Supplied information ▸
--

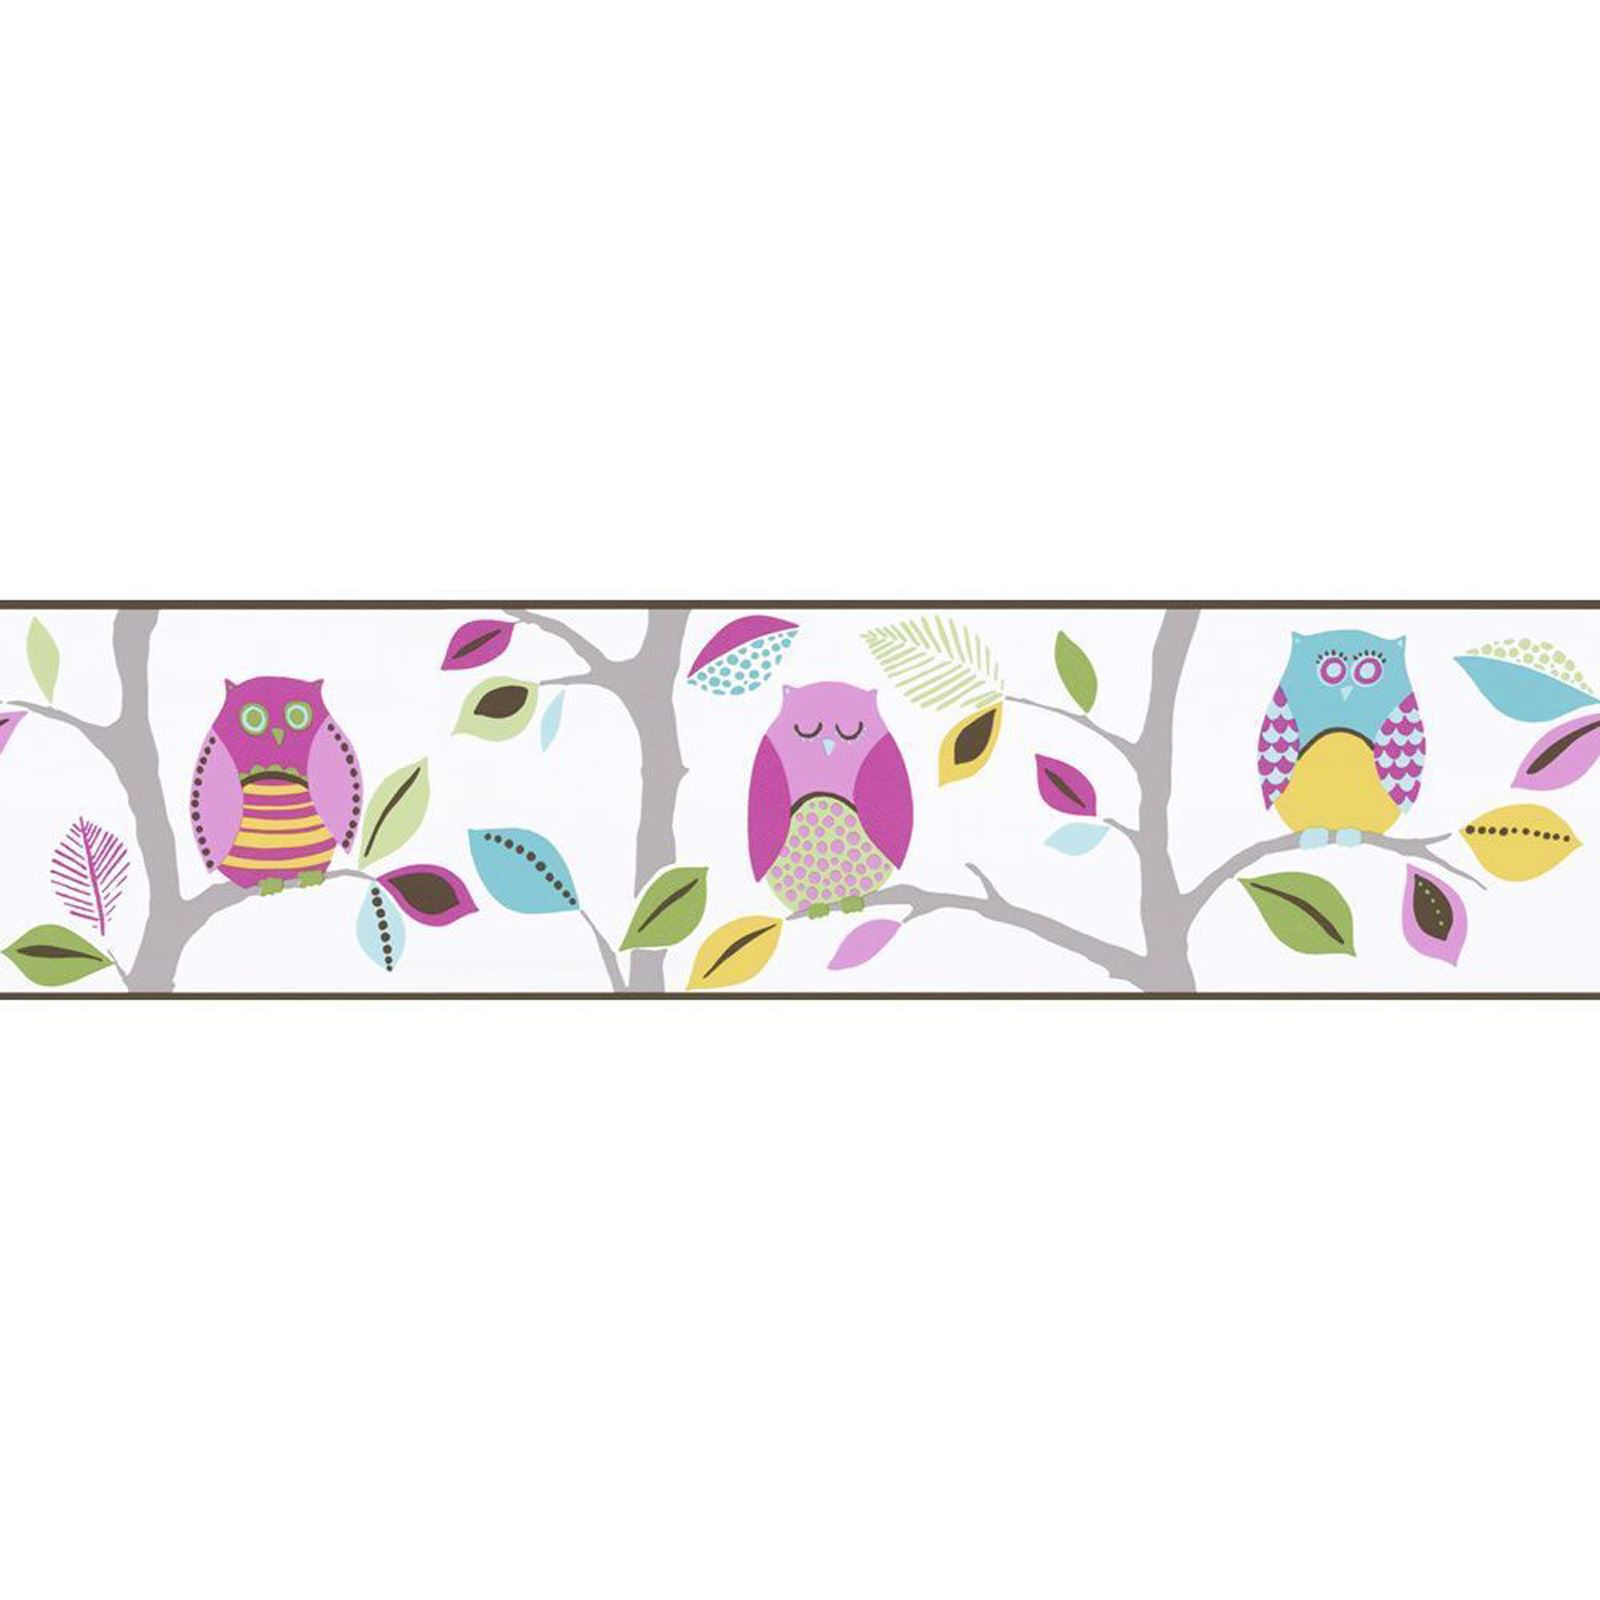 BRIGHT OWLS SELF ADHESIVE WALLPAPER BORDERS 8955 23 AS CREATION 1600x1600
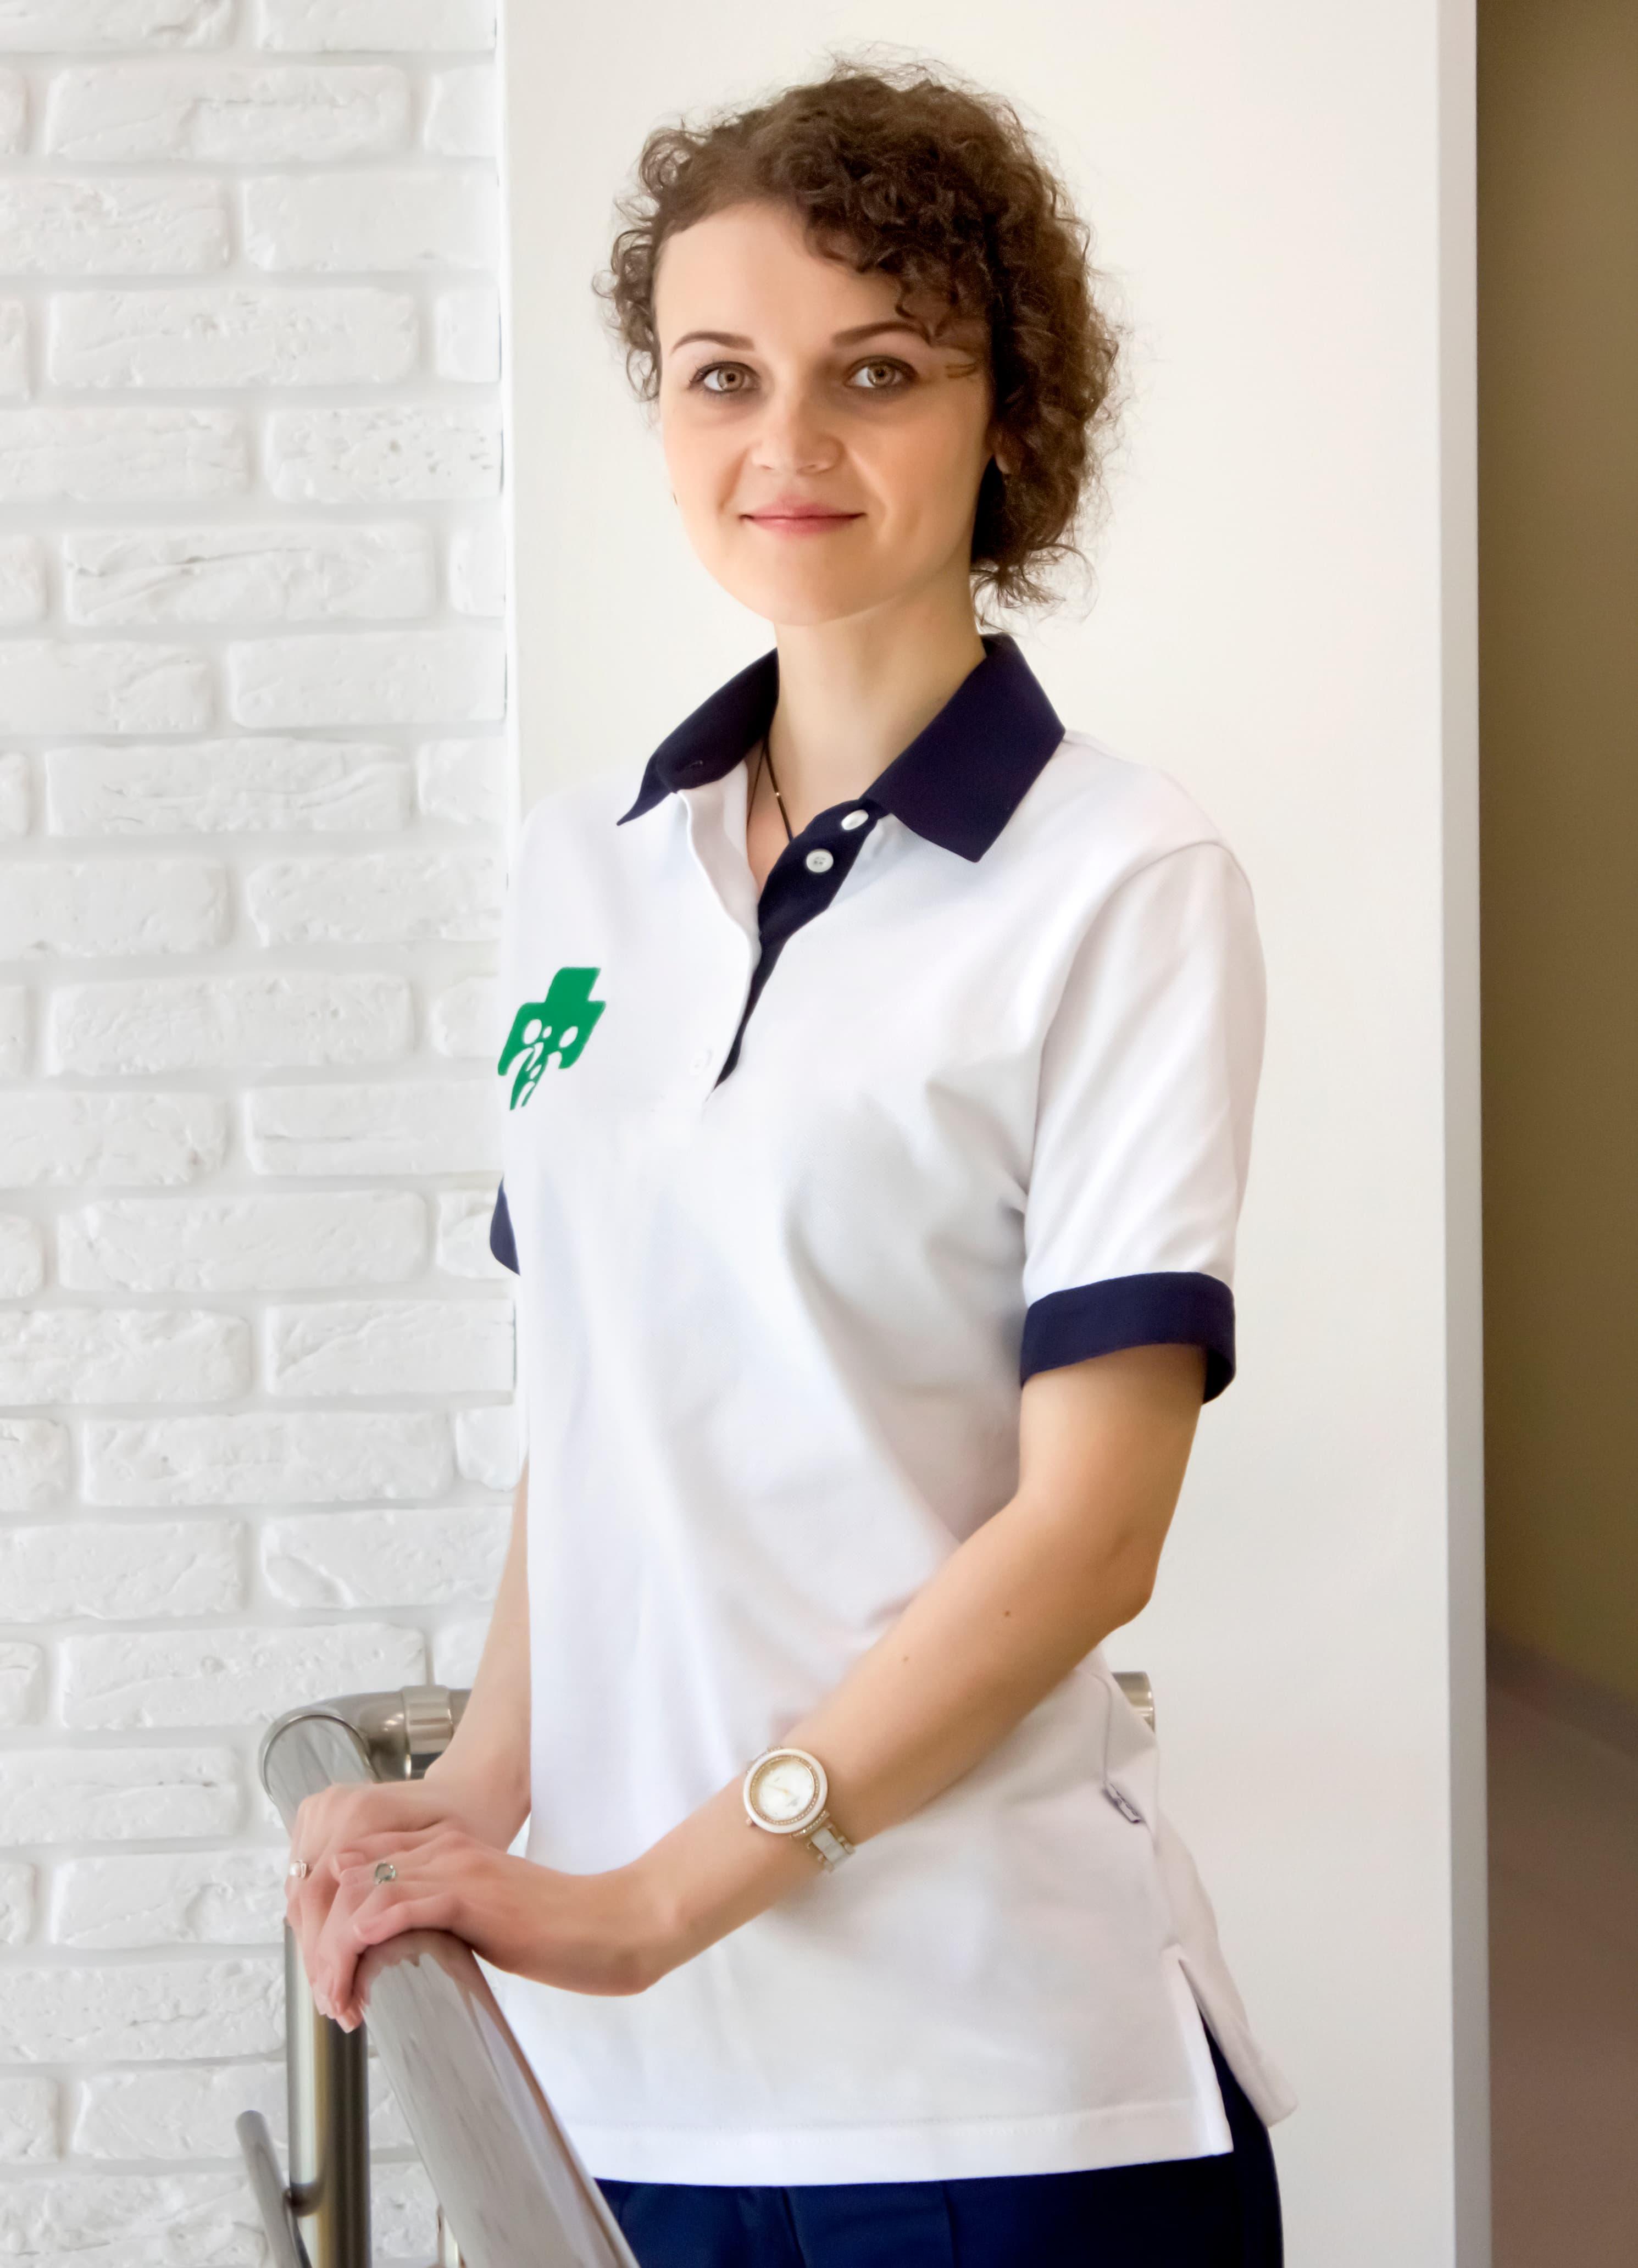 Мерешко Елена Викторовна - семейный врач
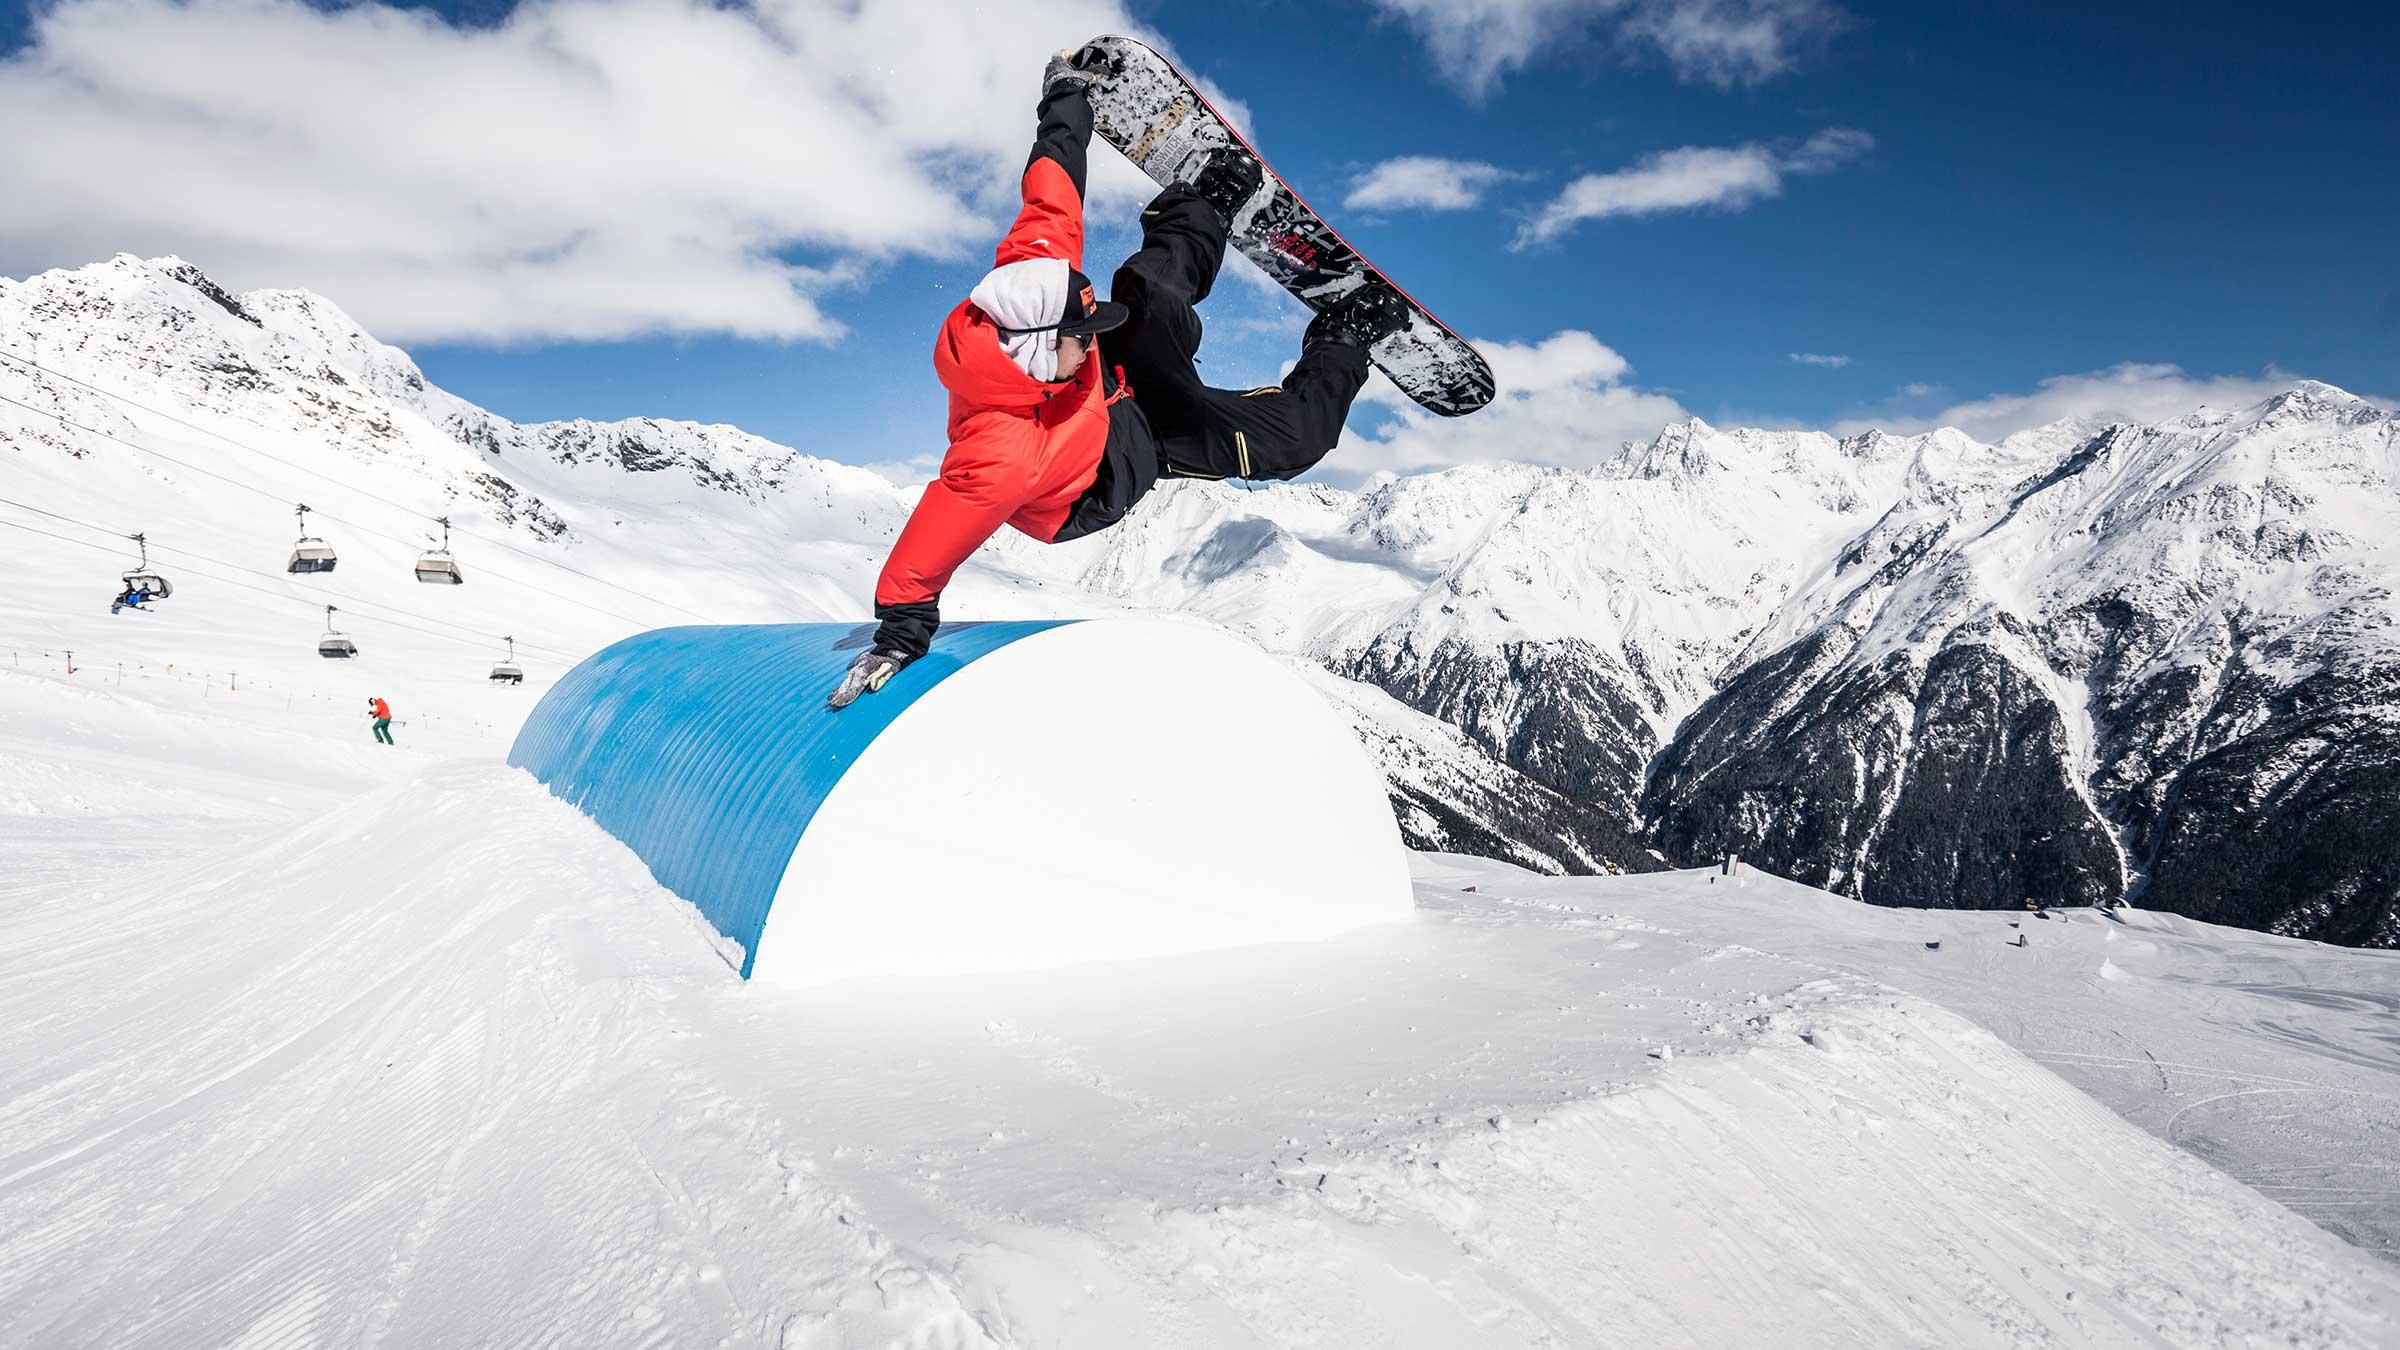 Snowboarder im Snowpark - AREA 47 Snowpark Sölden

--

Task prompt ▸
Your reply should restate the data above word for word and contain no pictures.

Answer ▸
 BRIGHT OWLS SELF ADHESIVE WALLPAPER BORDERS 8955 23 AS CREATION 1600x1600
 Мерешко Елена Викторовна - семейный врач
 Snowboarder im Snowpark - AREA 47 Snowpark Sölden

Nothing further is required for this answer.